The Optional Narrator
Culler’s readiness to take on Benjamin is typical of his eagerness to add to the scholarship of his discipline. Even as he reaches the end of a long career, he’s still finding new ideas to champion. One of them is his interest in a nascent movement in narratological circles called optional narrator theory. This theory challenges the notion that all narratives have a narrator, even if there is no character who narrates. In other words, a novel like Pride and Prejudice, for instance, isn’t narrated by Jane Austen but by Austen’s narrator.
“It seems worth attempting to reverse it in order to think more seriously about authorial choices and also to restore the rights of the ordinary reader against a professional literary criticism.”

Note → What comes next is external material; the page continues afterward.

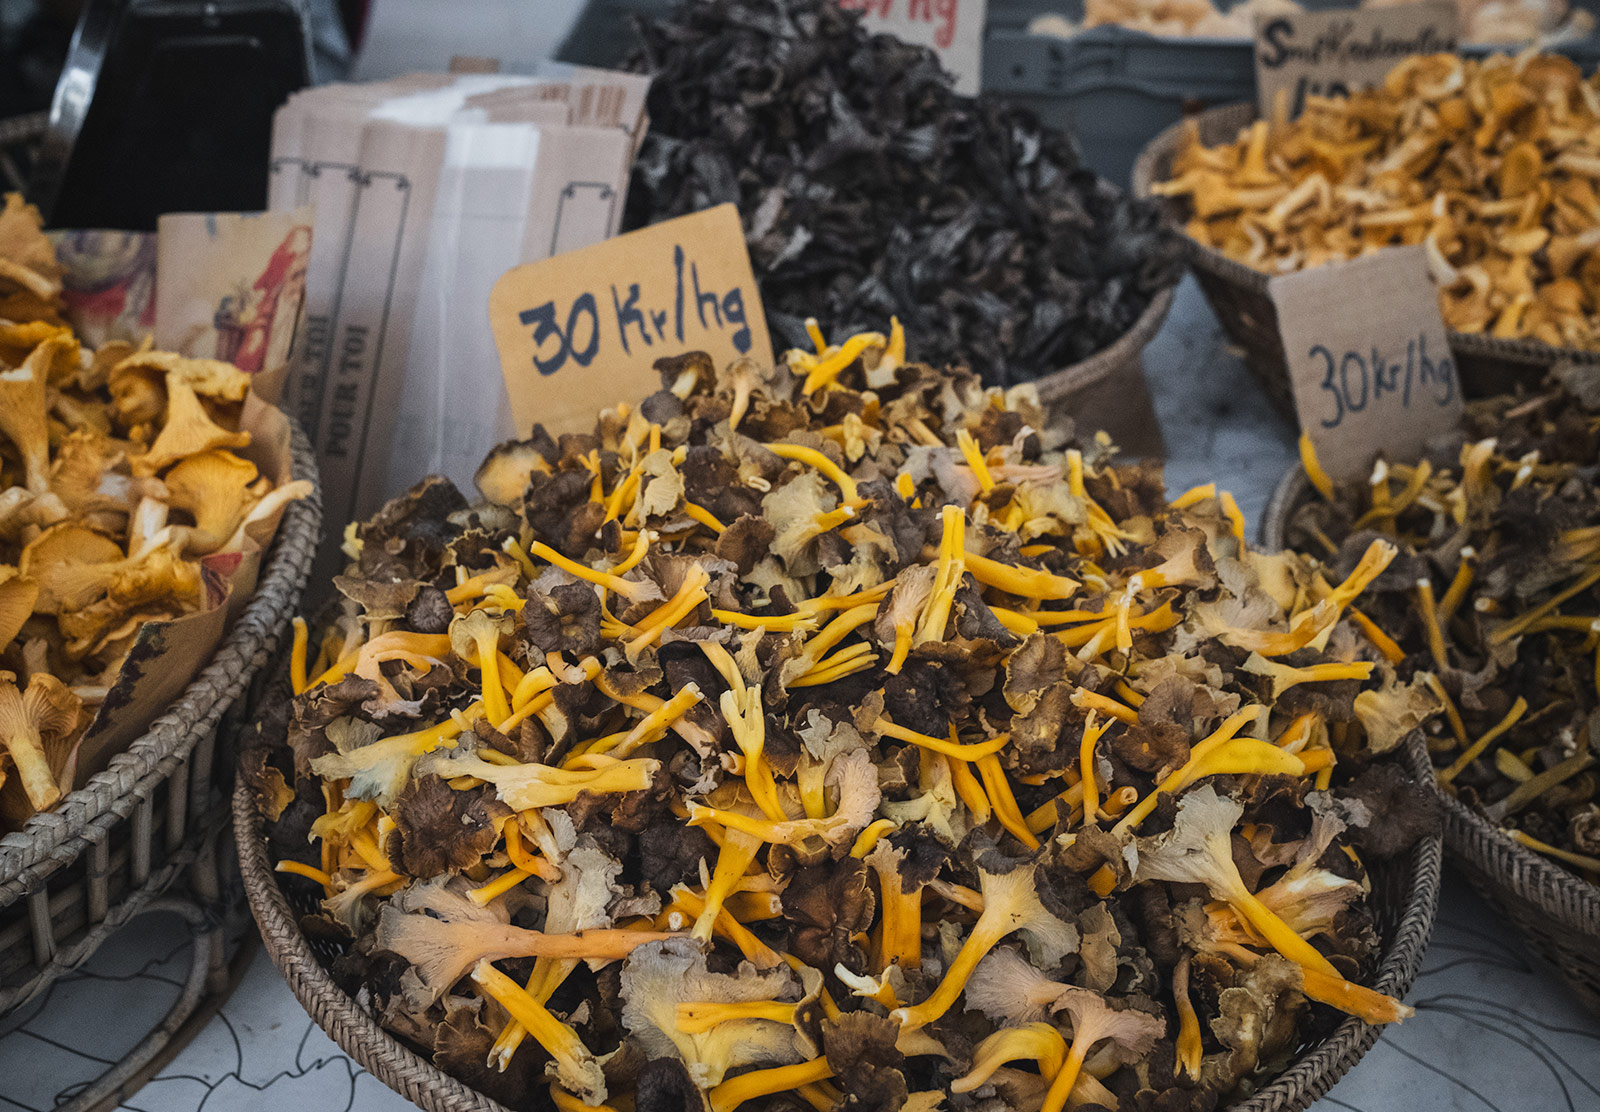 Bowl of foraged mushrooms at a market

“Students do not naturally imagine a narrator but have to be trained to think this way,” Culler says. “Exercises have to be created for them that say, ‘Look at what the novel says; what does the narrator know?’ And then they start characterizing the narrator as if the narrator has knowledge of a particular world when, of course, what the narrator knows is what Austen stipulated would happen in the book. It’s an artificial construction we’ve devised, and it seems worth attempting to reverse it in order to think more seriously about authorial choices and also to restore the rights of the ordinary reader against a professional literary criticism.”
The Rights of the Ordinary Reader
The rights of the ordinary reader inform the social role of lyric poetry, as well, Culler says. He points out that when terrorists attacked the World Trade Center in New York City on September 11, 2001, many people turned to W. H. Auden’s poem “September 1, 1939.” They quoted lines that applied particularly well to the situation, for instance: “The unmentionable odor of death/Offends the September night.” But at the same time, the poem has other lines people did not mention and which could even be seen as unacceptable by many, for example: “I and the public know/What all schoolchildren learn/Those to whom evil is done/Do evil in return.”
“I’m interested in how poems like ‘September 1, 1939’ are taken over and quoted and passed around, but the meaning they are given in the social context may have very little to do with what a sensible person looking at them carefully would see in them,” Culler says. “Which just goes to show that we need to think about how poems function for readers. They aren’t primarily objects of interpretation, since their social resonance may have very little to do with what they actually say.”